The Sweet Sound of Potential Improvement

Jerry and I had a practice session yesterday at the chipping green and driving range that left me quite frustrated.

As of right now in my golf practice, I'm incapable of hitting anything longer than about a nine-iron. I've been feeling a bit demoralized, so I'm trying to find my way past the struggle and discover new ways to practice and improve.

This spring, I've been working on initiating both my up- and downswings from the hips rather than letting the arms lead. The result, when I've succeeded, has been effortless power and beautiful flight paths. I've been most successful at it chipping and pitching, and while "effortless power" isn't something you may particularly want in your chipping, I've been willing to accept overhitting the hole in exchange for substantially better direction and loft.

I came to yesterday's practice session with a question I wanted to test: would it be possible to practice chipping with, say, a six-iron, and begin to groove that same swinging-with-the-lower-core that I've been playing with on pitches and nine-irons, and then bring that groove to the range on full-swing six-irons?

So far the answer is: nope. (Anti-climax, I know.) But my struggle and frustration led us to some ideas that will be interesting to play with over our next practice sessions.
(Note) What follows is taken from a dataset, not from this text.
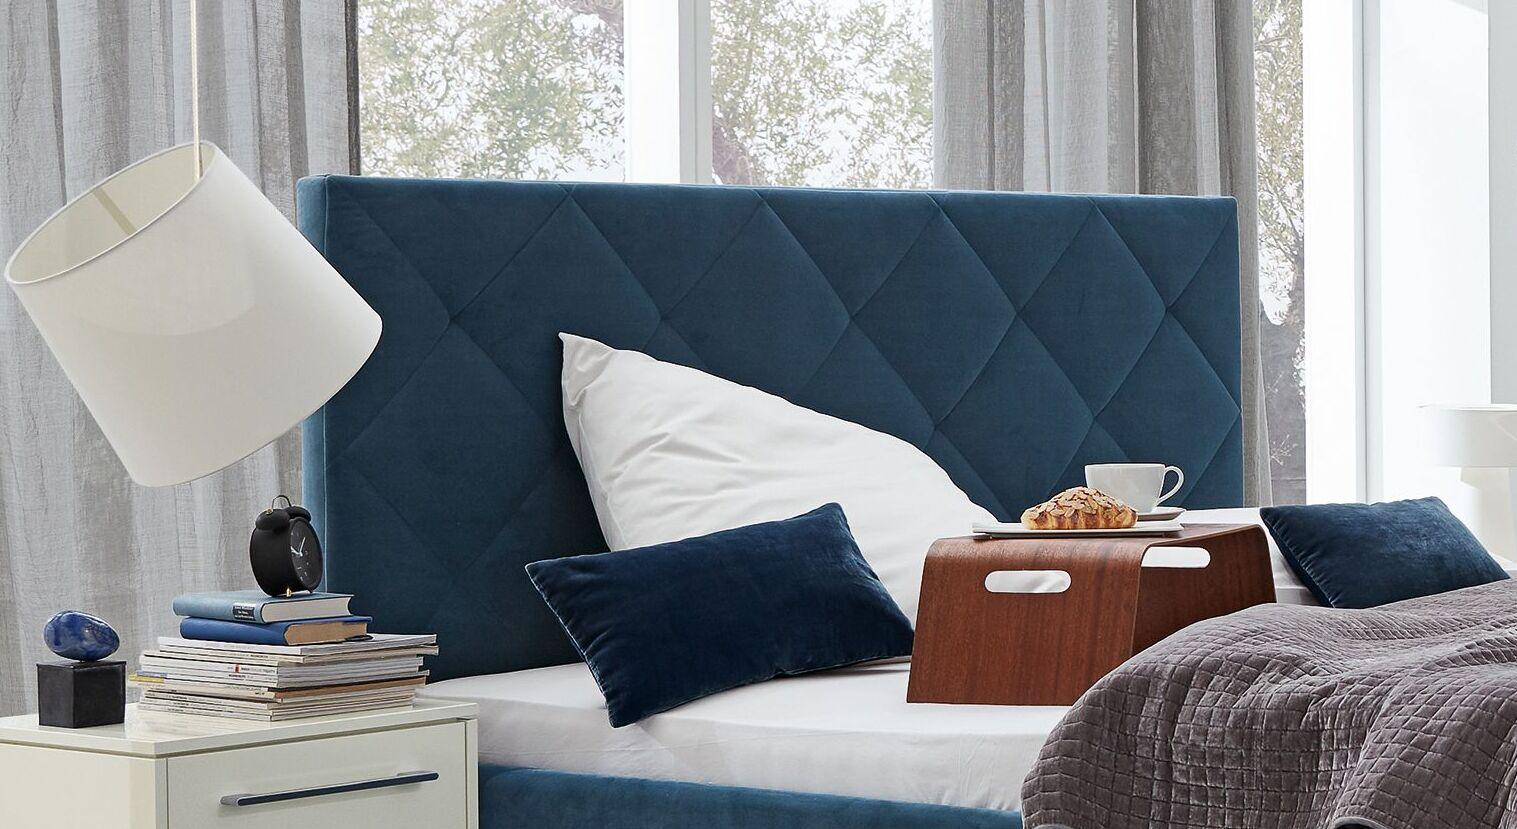 MUSTERRING Bett Epos mit Kopfteil in Rautensteppung in Marken-Qualität

We think we identified some physical patterning in stance and alignment that I've done so long I'm no longer aware of them, patterns that are substantially getting in the way of a smooth, fluid swing. A fair amount of my practice over the next several weeks may be as simple and unexciting (but critical) as addressing the ball over and over, trying to groove a new stance.

Not to say that there weren't a few real positive results (rather than potentialities and areas for future practice) from the session. The most notable was that on a couple of occasions, practicing chipping with the six-iron, I hit the ball extremely cleanly. The sound of a cleanly struck ball is unmistakable and tells me that I'm doing something right, and gives me hope that I'll be able to do so again.

(I should note that while I struggled during the session, Jerry, playing with the idea of chipping with longer clubs and putting a similar focus on the hips as the driving impulse of the shot, ended up hitting seven-irons at the range so well he was giggling.)

After we finished at the range, I decided to go to the tennis courts to hit some serves while bringing that same focus on the hips. I also decided I would approach the shot differently from how I ever have before. Rather than try to emulate the smooth, unified toss-hit motion I see from top servers, I decided to just toss the ball up high enough that I could kind of reset before swinging through. Because I wanted to get the feeling of swinging from the hips and letting the arm follow, I gave myself permission to do nothing more than try to strike the ball that way, with no focus on aiming at all. To my surprise, I immediately found myself hitting some of the smoothest, most powerful serves of my life, with surprising accuracy. To my further delight, the sound of the ball leaving the strings was, like I describe above in relation to hitting a golf ball, immediately recognizable as an extremely cleanly hit ball. I've never heard that sound from my shots before. Previously, all I've ever heard when hitting the ball was a relatively high-pitched toink, but yesterday the ball came off the strings with the deeply satisfying pock sound that I've heard from better players but have never before achieved.

So while it was partly a frustrating day, and while I may not always be seeing improvement, what I'm hearing is that putting focus on motion from the hips is leading to the potential for definite improvement.